> _The problem_
Among the lines below, output only those between the line holding "Technically not a" and the line holding "2013 Jeep Wrangler", inclusive, exactly as written and with no pictures.

> _Given data_
►

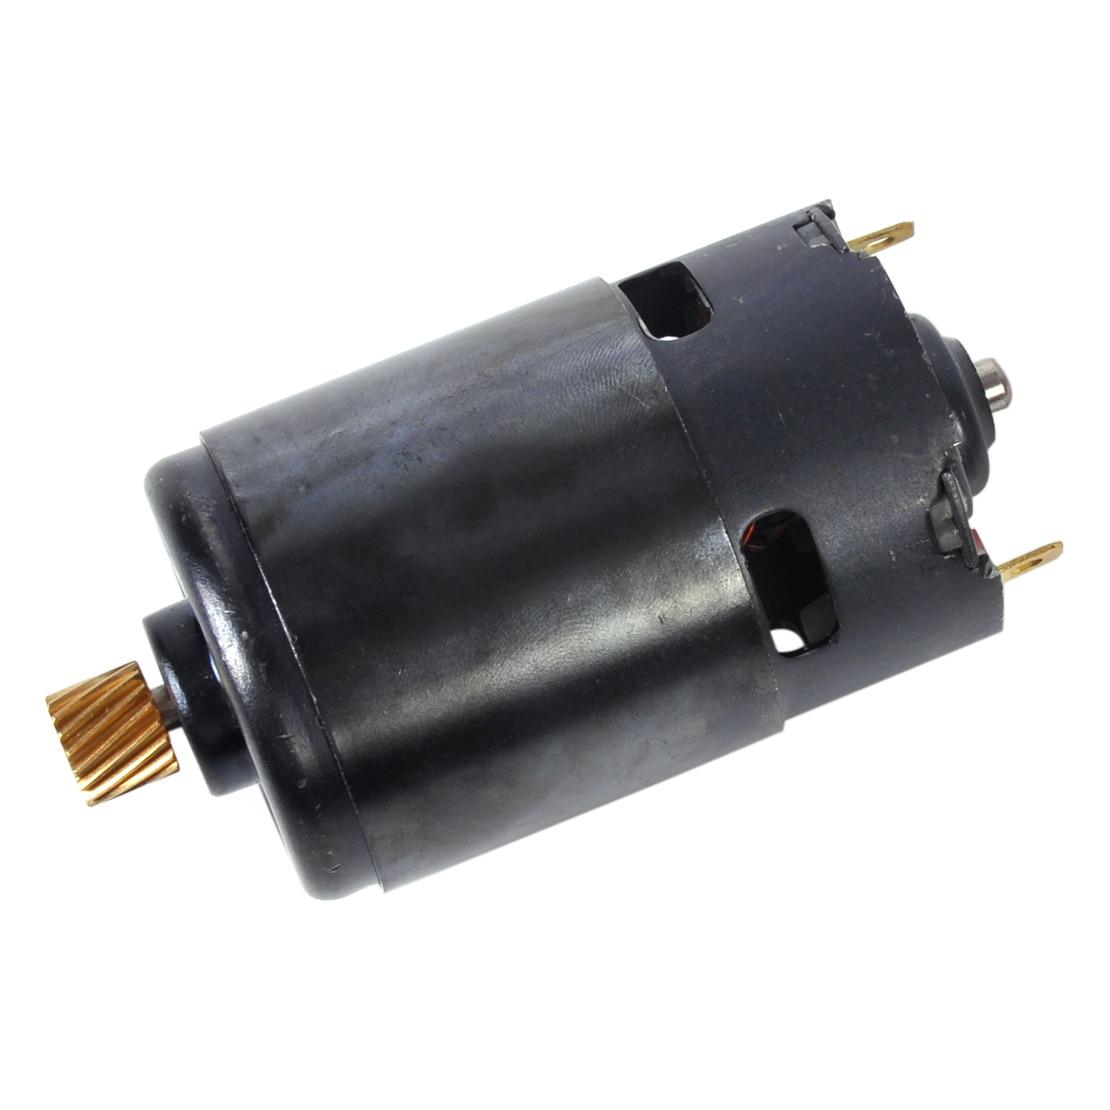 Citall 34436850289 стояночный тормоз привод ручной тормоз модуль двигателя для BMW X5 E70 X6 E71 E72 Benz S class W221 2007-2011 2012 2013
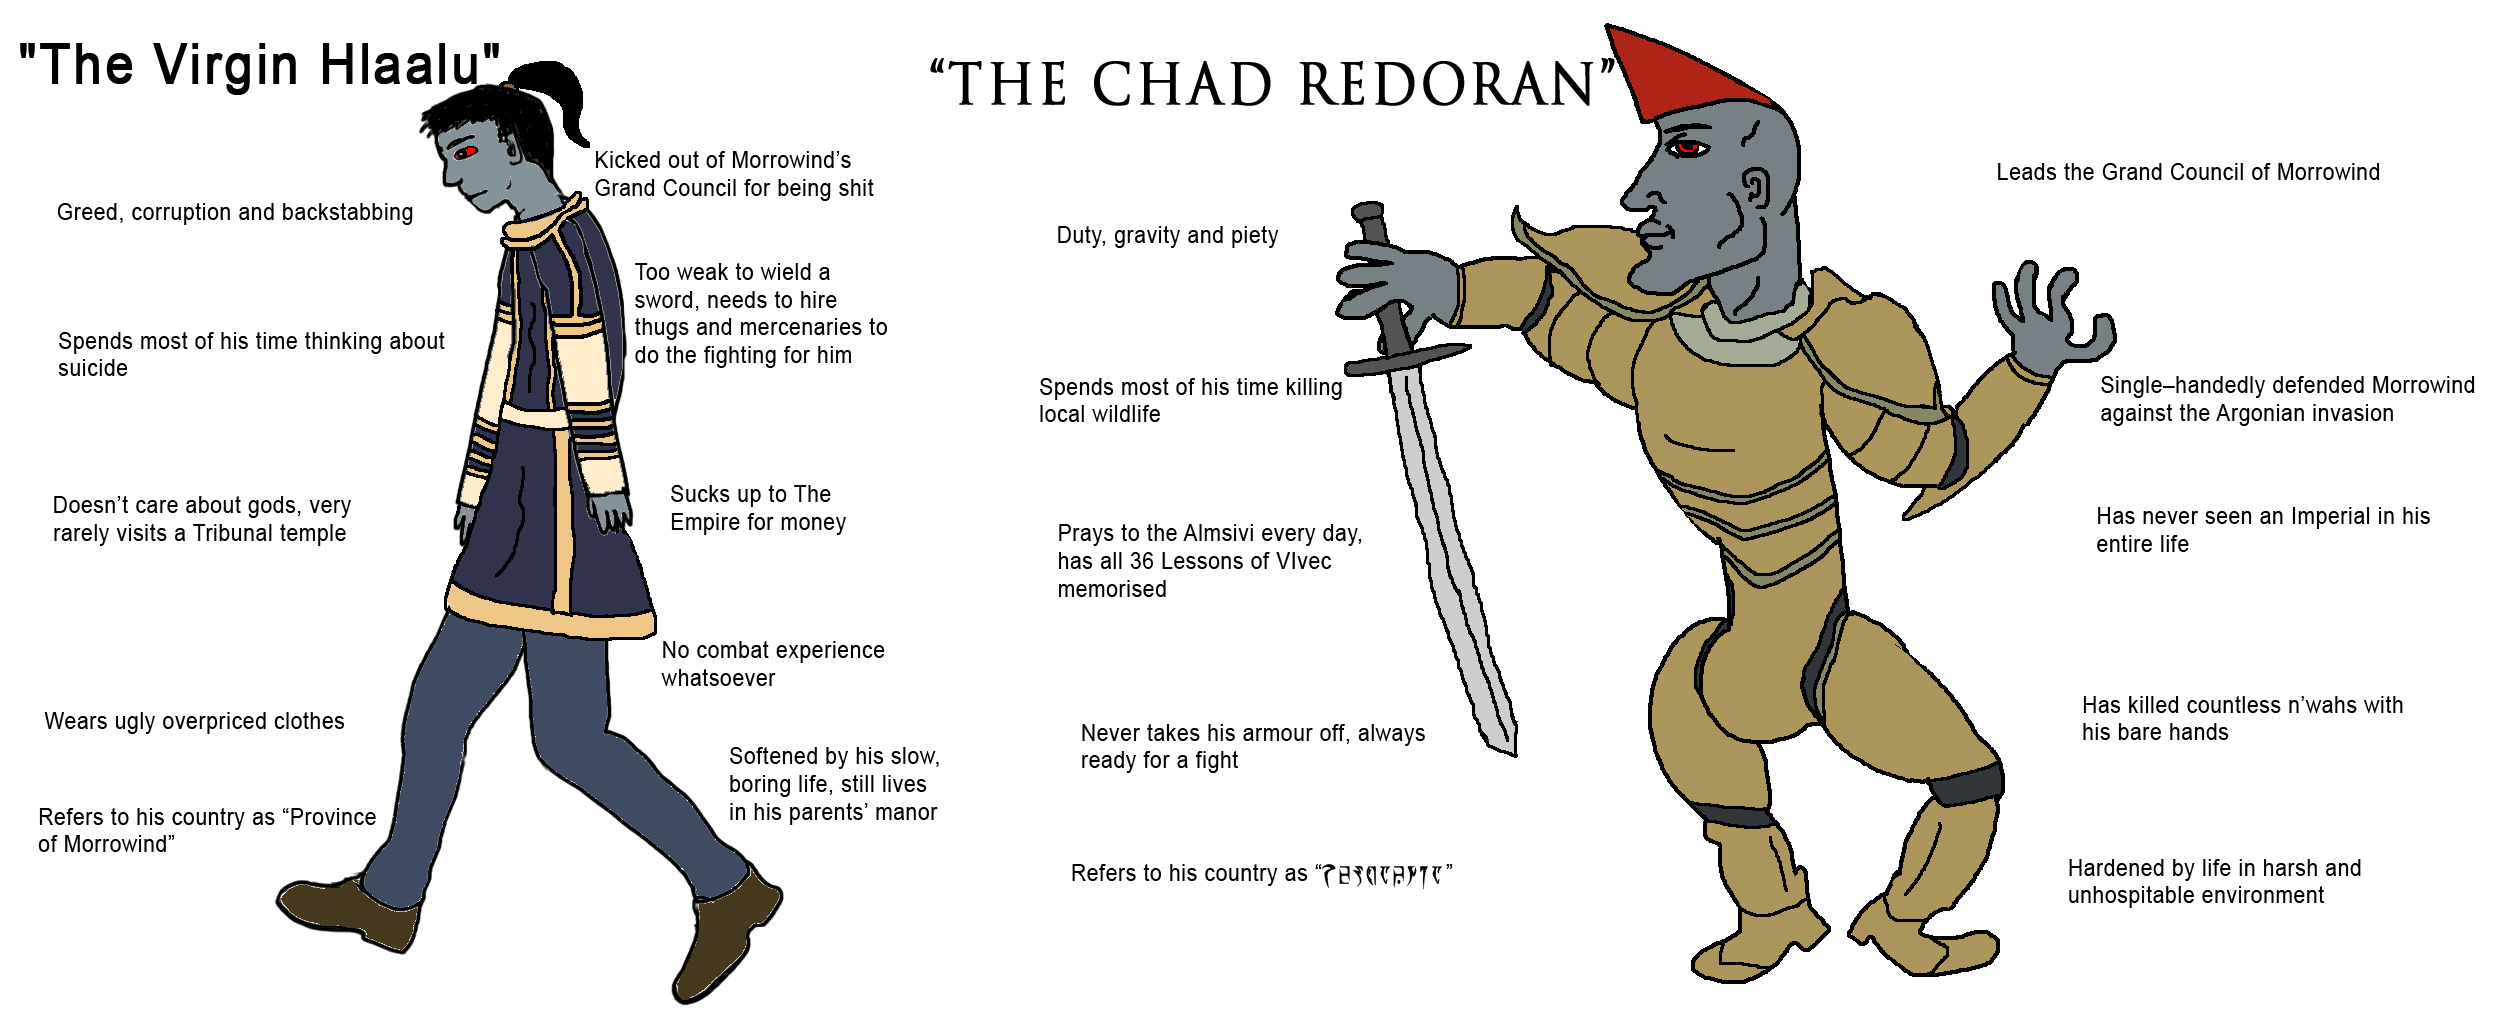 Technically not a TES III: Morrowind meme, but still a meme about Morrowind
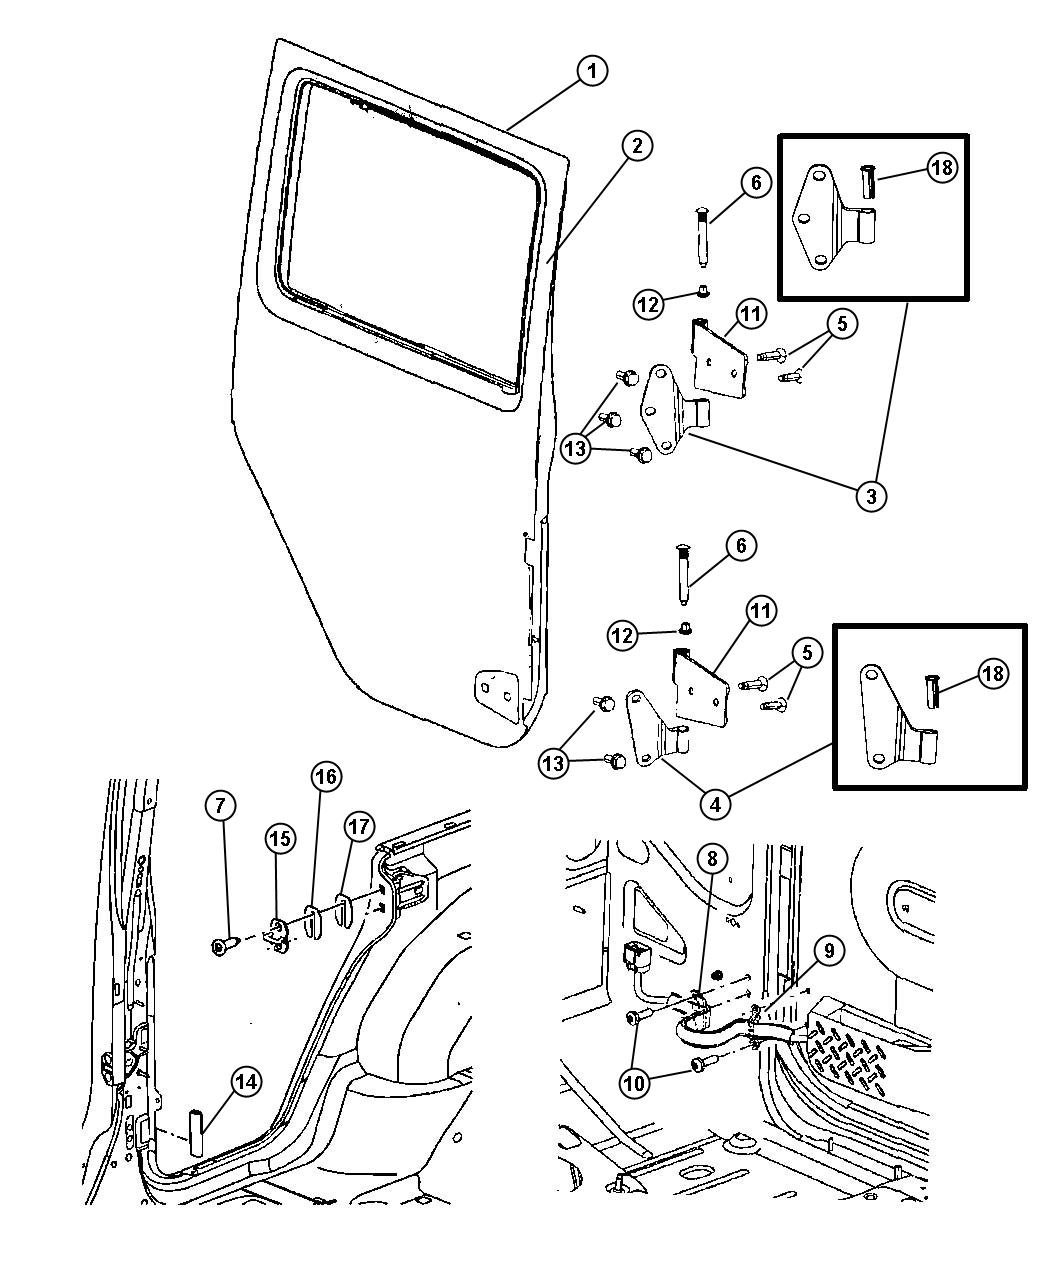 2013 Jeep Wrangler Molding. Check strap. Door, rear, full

◄
►

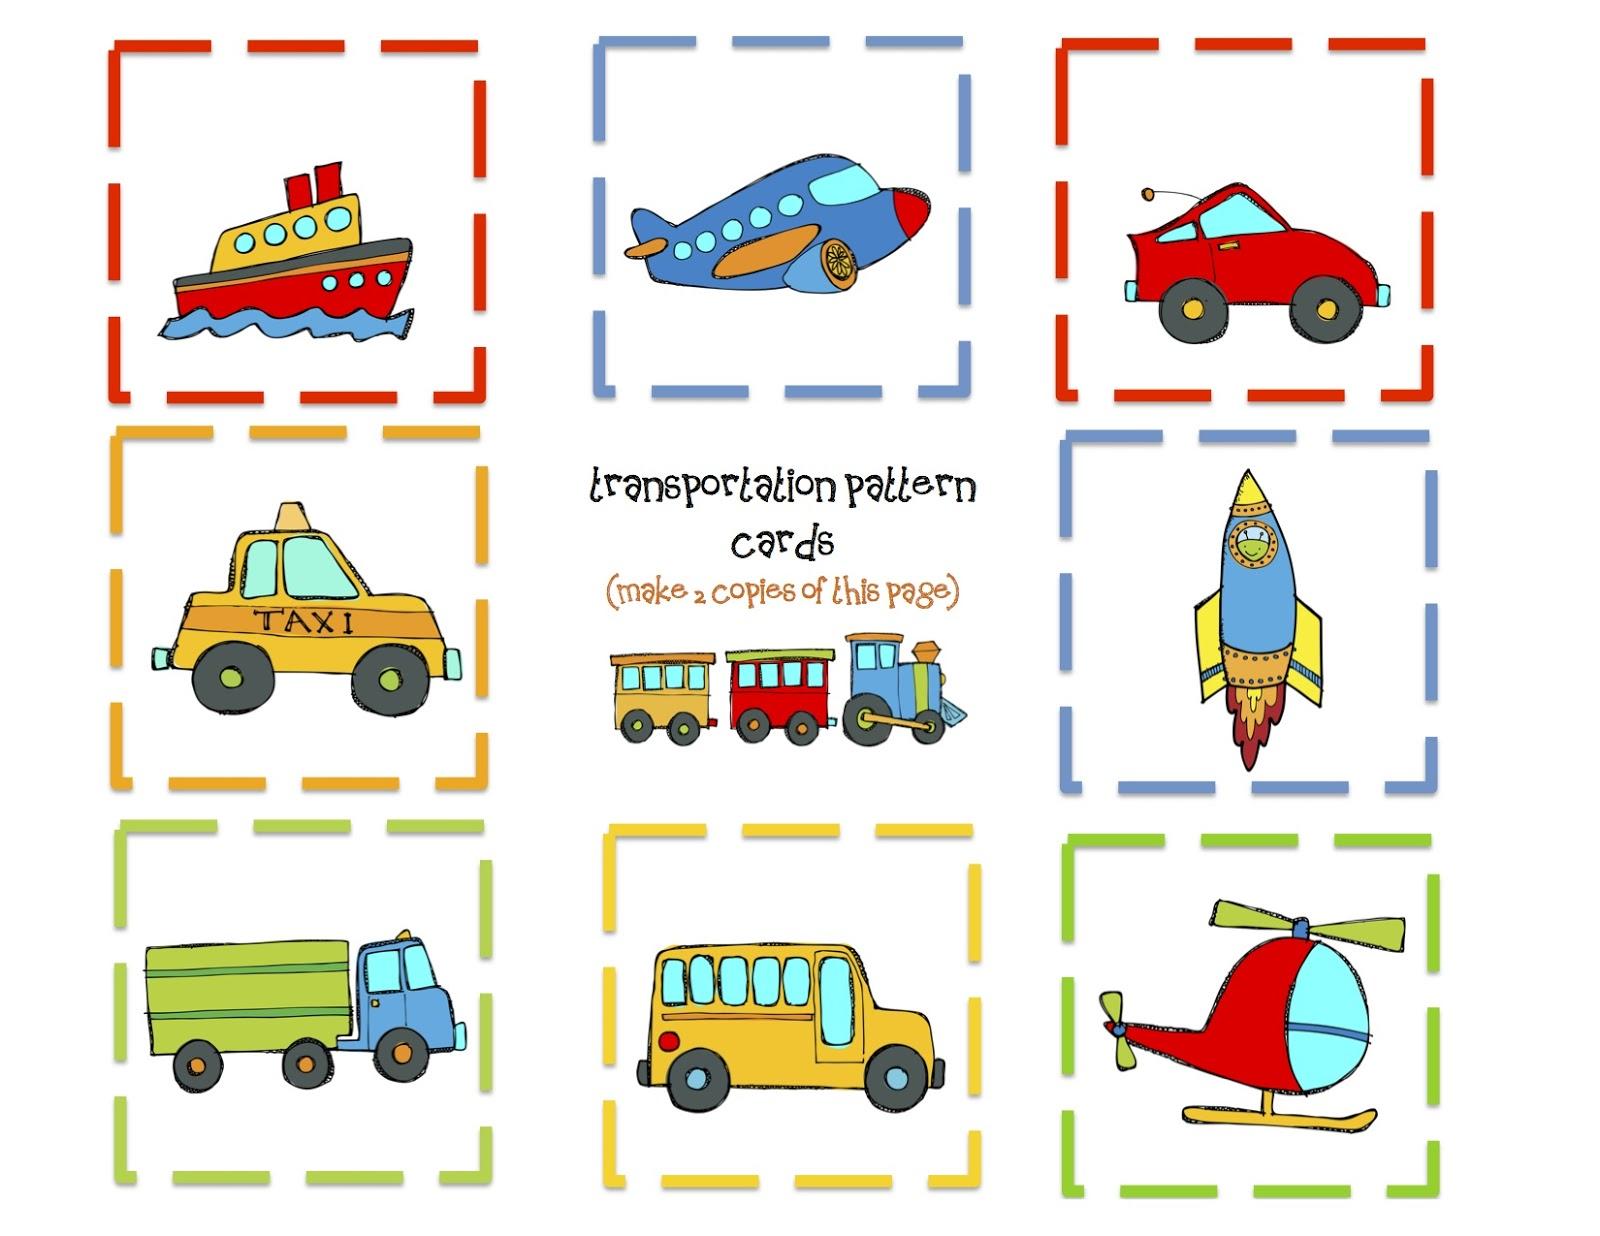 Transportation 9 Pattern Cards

◄

> _Answer to this exercise_
 Technically not a TES III: Morrowind meme, but still a meme about Morrowind
 2013 Jeep Wrangler Molding. Check strap. Door, rear, full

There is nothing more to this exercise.